• Hawaii is home to 83,000 cesspools, more than any other state in the nation, and around 20% of the state's cesspools are 0.6 or fewer miles from shore.
  • Rising seas have eroded Hawaii's shoreline due to climate change and the island's groundwater is being pushed to the surface, inching it closer to the chemicals from the cesspools.
  • Cesspools formed in Hawaii due to rapid growth and can now be found everywhere from Honolulu's Black Point to the old sugar plantation towns.

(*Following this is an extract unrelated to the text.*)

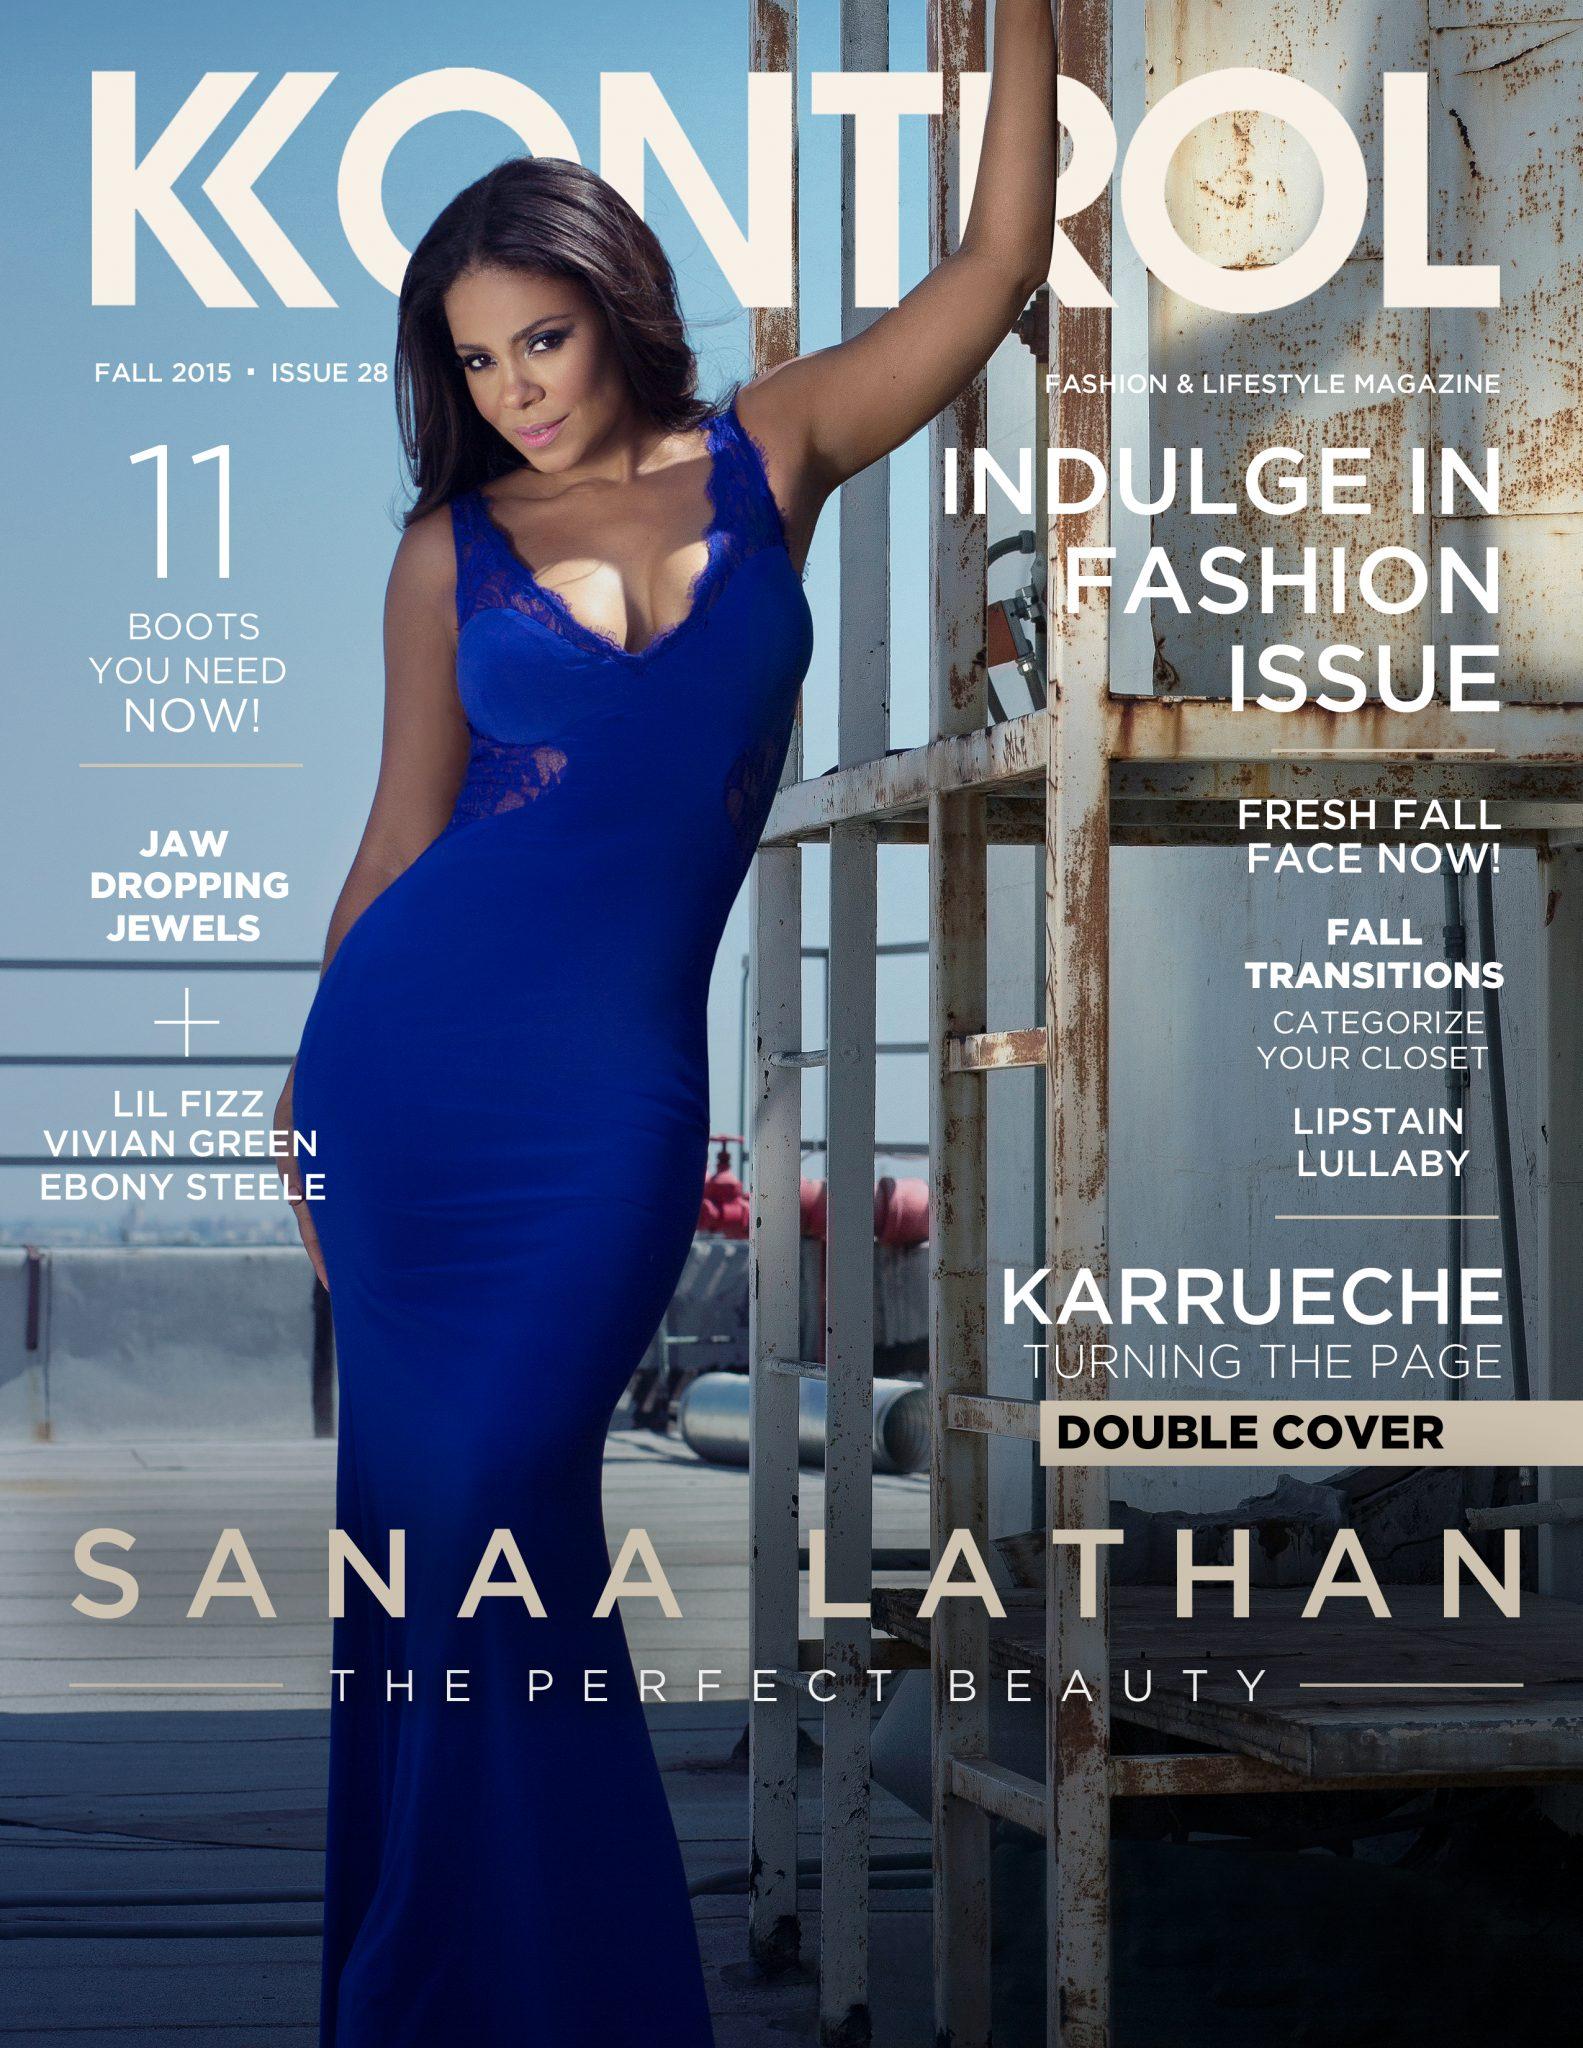 Sanaa Lathan & Karrueche Tran For Kontrol Magazine
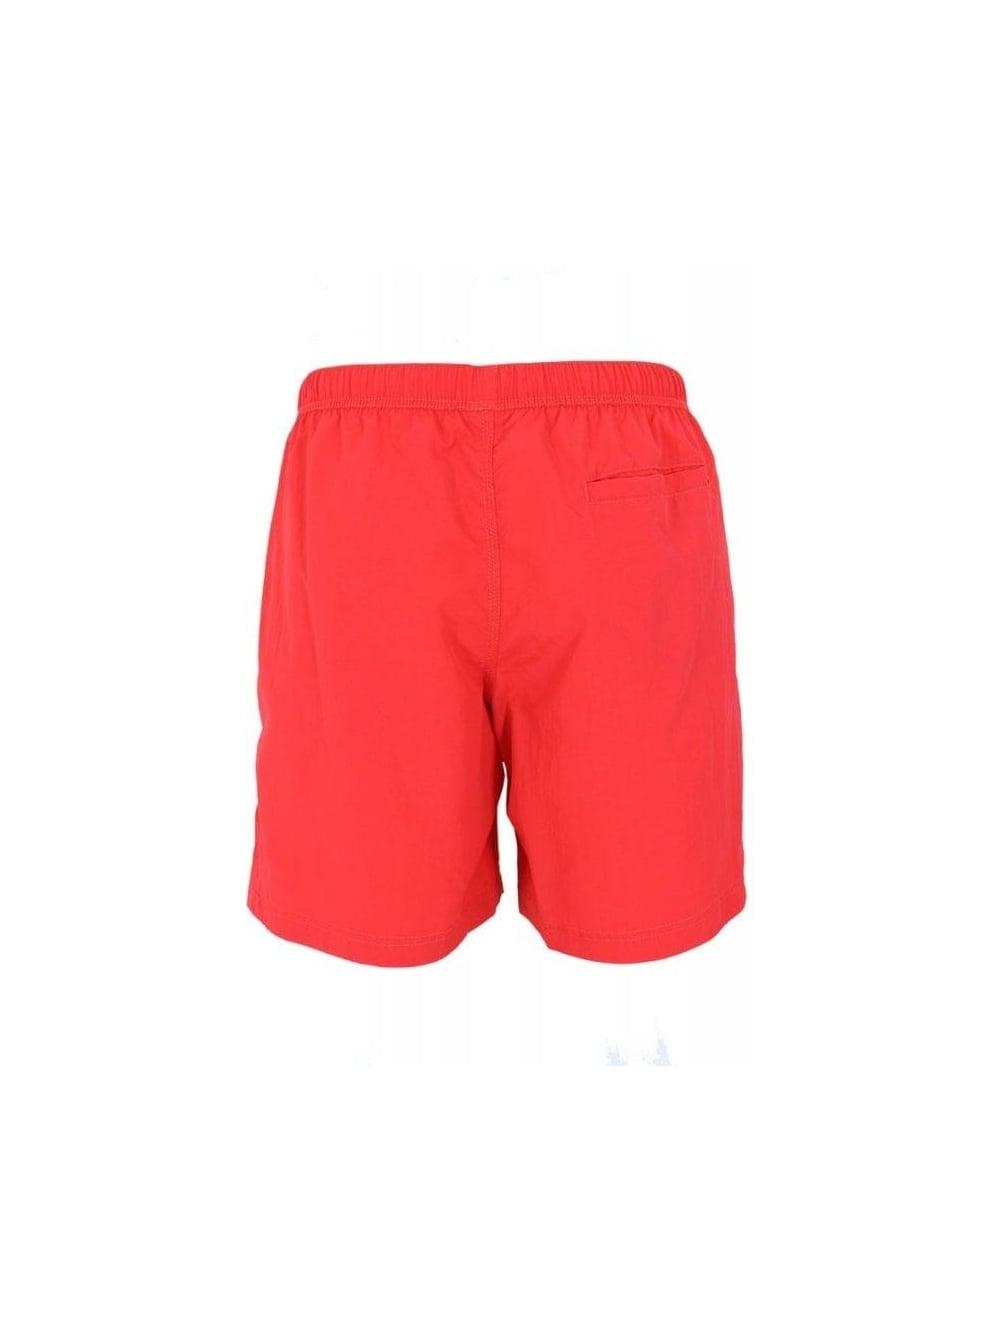 b9532ba19a Adidas Originals Swimming Shorts in Vivid Red - Northern Threads

The town of Hauula packs hundreds of homes into a narrow strip of land sandwiched between verdant, towering cliffs of the Koolau mountain range and the Pacific. But the stunning views obscure an environmental problem beneath the ground.

This rural part of the island of Oahu is not connected to city sewers — and waste from toilets, sinks and showers is mostly collected in hundreds of pits called cesspools.

With climate change, rising seas are eroding Hawaii’s coast near homes with cesspools. Sea rise also is pushing the island’s groundwater closer to the surface, allowing the cesspool effluent to mix with the water table and flow into the ocean. And scientists say cesspool pollution may even percolate into streets and parks in low-lying former wetlands in the future.

"We want proper sanitation as much as anybody wants it. We don’t want our children swimming in an ocean of bacteria," said Dotty Kelly-Paddock, president of the Hauula Community Association. "It’s got to change."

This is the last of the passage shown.